I have long been a fan of David Weber. By the time I discovered Oath of Swords I had already read most of his science fiction stuff. Weber has a varied writing background of which the War God series is his only venture into the world of fantasy – a good choice for him in my opinion.
Some of the violence in the novel was disturbing to me. This was the part that dealt with Sharna – one of the dark gods. Why this specific kind of violence is especially disturbing to me is difficult to understand. Maybe it has something to do with my religious upbringing? Because, in fact, the violent parts are not worse that a whole lot of other violence that I have read and not been especially bothered by. Just saying.
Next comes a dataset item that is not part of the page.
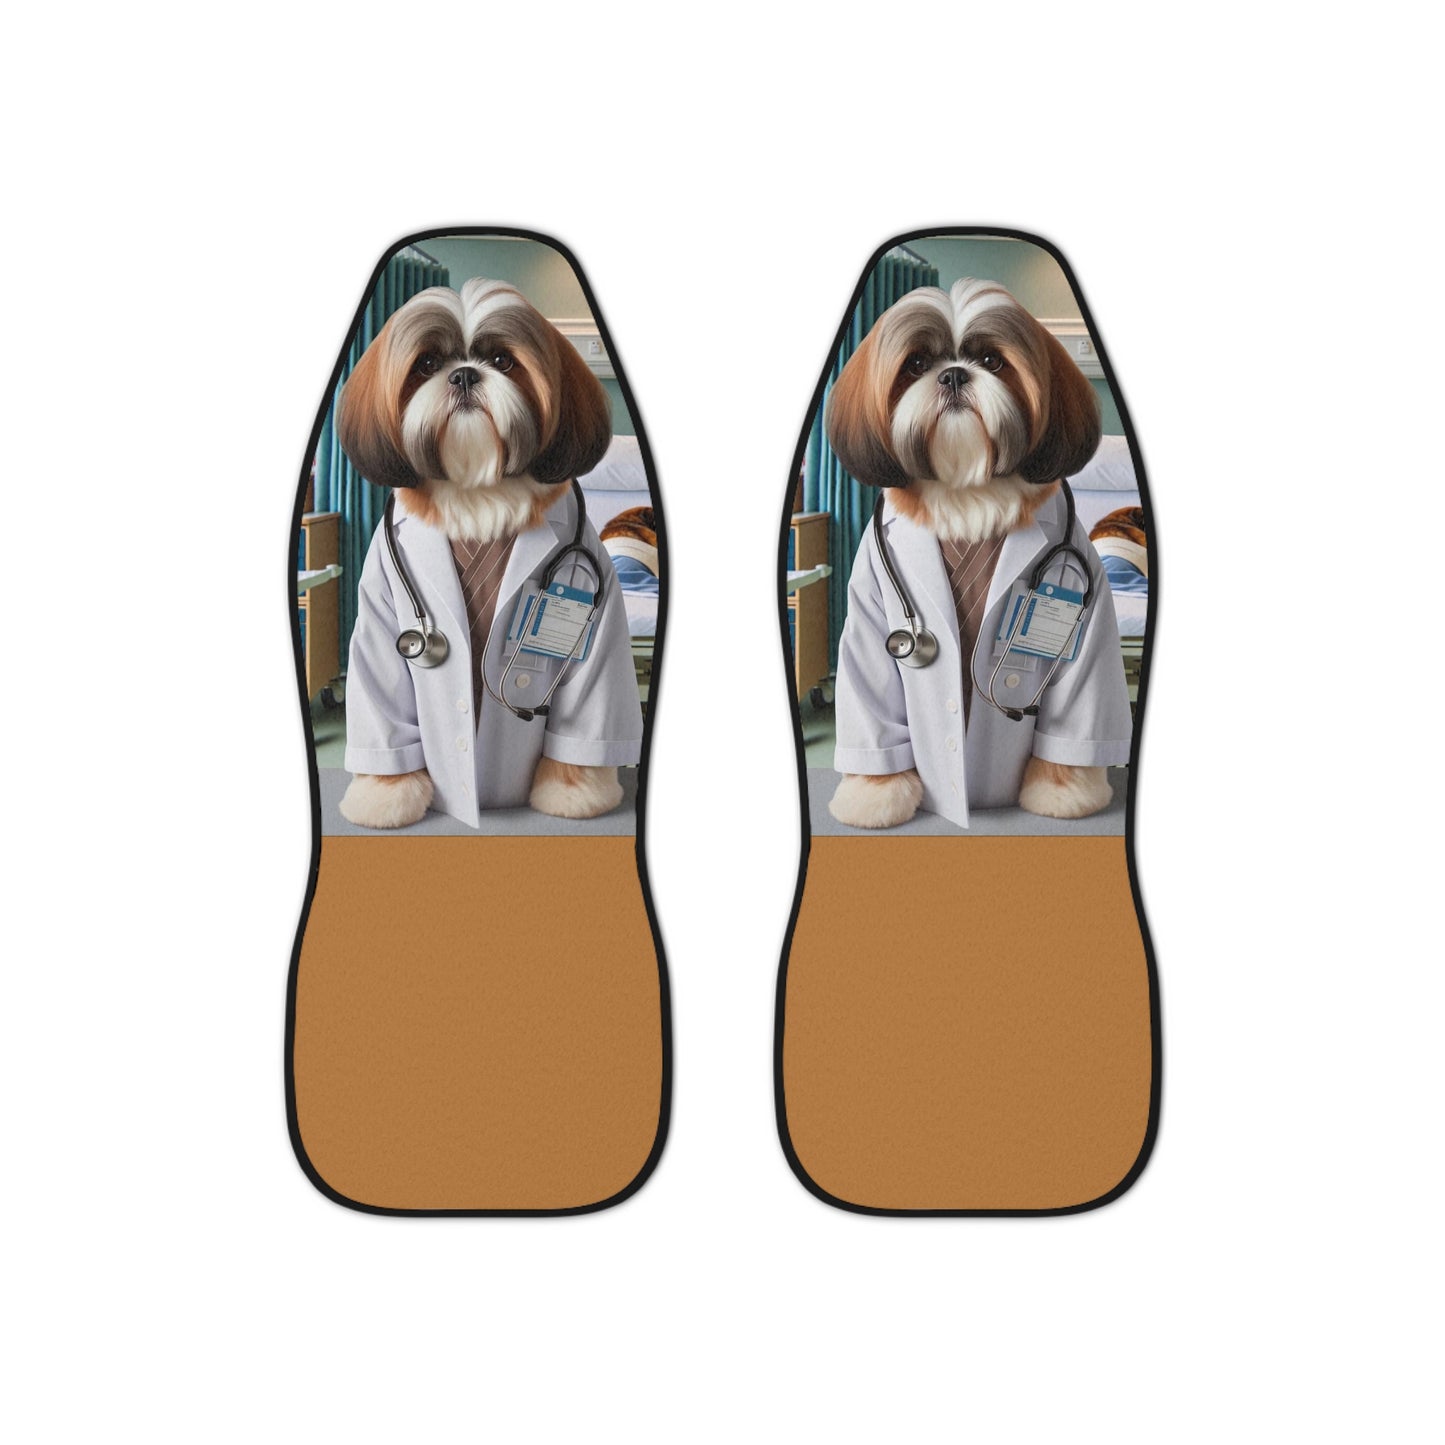 Cute Shih Tzu Dog Lover Doctor Car Seat Covers - Snug Fit Polyester Vehicle Protection Set- Gift perfect for nurses doctors Shih Tzu parents
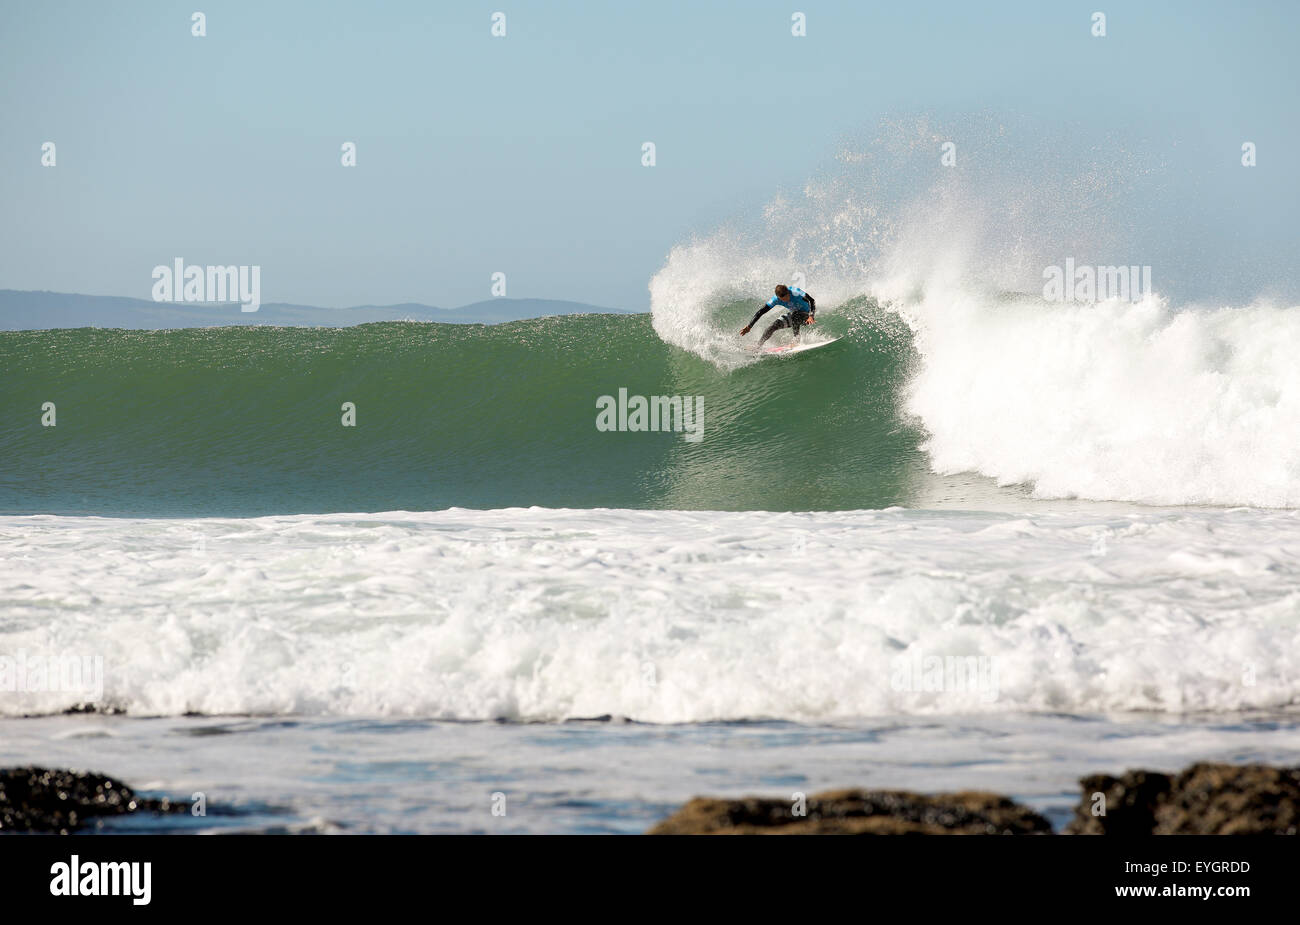 Australian surfer Julian Wilson surfing a wave during the 2015 Jeffreys Bay Open, South Africa Stock Photo

One reviewer wished Bazhell would have kept on fighting Tormak until the end. I kind of agree with that assessment. Bazhell is a stubborn old hradani and his fighting what the war-god wanted was fun. What the ending would have been like if he had resisted until the end is something only David Weber could know.
Oath of Swords is very much about being the outsider. Bahzell is a hradani hostage at the human court. He is extremely easy to spot – size and all. Like any outsider he is treated as less. But he does have friends at court and also support from some of the gods.
I enjoyed Oath of Swords a lot and have actually read it two or three times.
- Epiphyte review
- A Wicked Convergence of Circumstances
- The Book Review
- Wikipedia (do not go there if you want to keep the plot a surprise)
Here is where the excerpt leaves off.